Cremation? Oh, sweet Jesus. I had leant Belinda a book before she passed. Oh Christ. Was it in there? Were they going to burn my book along with her? It was a first edition copy of “Trainspotting”—I didn’t want to loose that. How exactly does one go about saving a book from cremation? Had someone assumed it was her copy? How do I tastefully ask someone, “Uh, look, I’m really sorry for your loss and all, but I need to pick this book out of the casket because I leant it. I mean…It wasn’t a gift…”

Thankfully, I didn’t have to. It wasn’t in the casket. Belinda’s friend Divina got it back to me several months later.

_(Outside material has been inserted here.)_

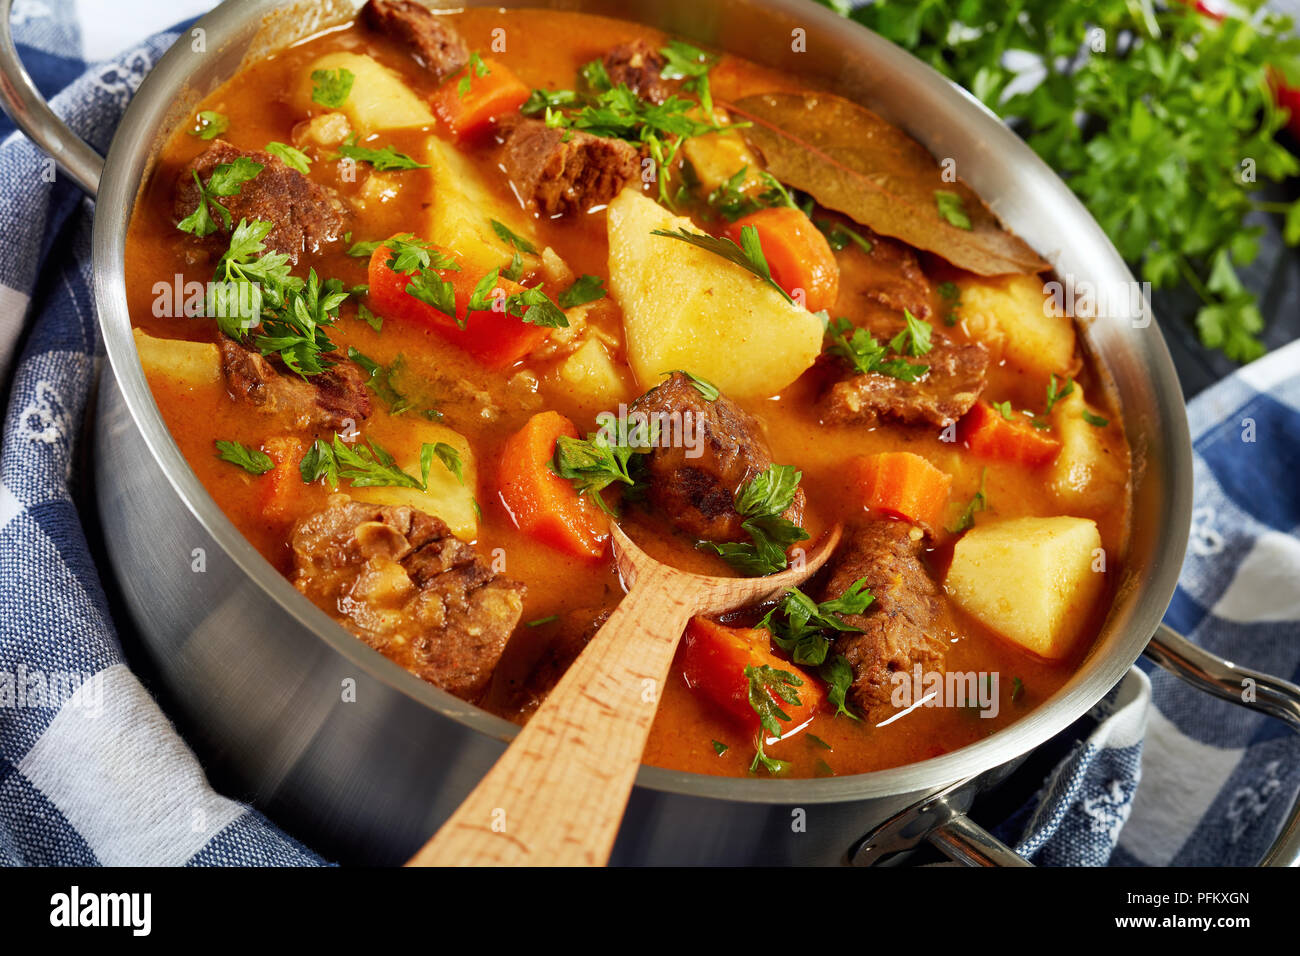 Ragoût de boeuf aux légumes dans une sauce épicée ou estofado de carne dans  une casserole de métal avec une cuillère de bois, recette authentique, vue  de dessus, close-up Photo Stock -

The temperature dropped 30 degrees during the funeral. We had started on a sunny April morning, but by the time it was over, it was cold and raining.

I went to Dan’s later that week. Someone had written Belinda’s name on the bathroom wall with birth and death dates. I wrote underneath it, “Those who have forgotten their dreams will only discourage yours.” Later, someone drew a heart around it.

Belinda’s boyfriend Chris died from overdose a year later, almost to the day. I guess no one really learned anything.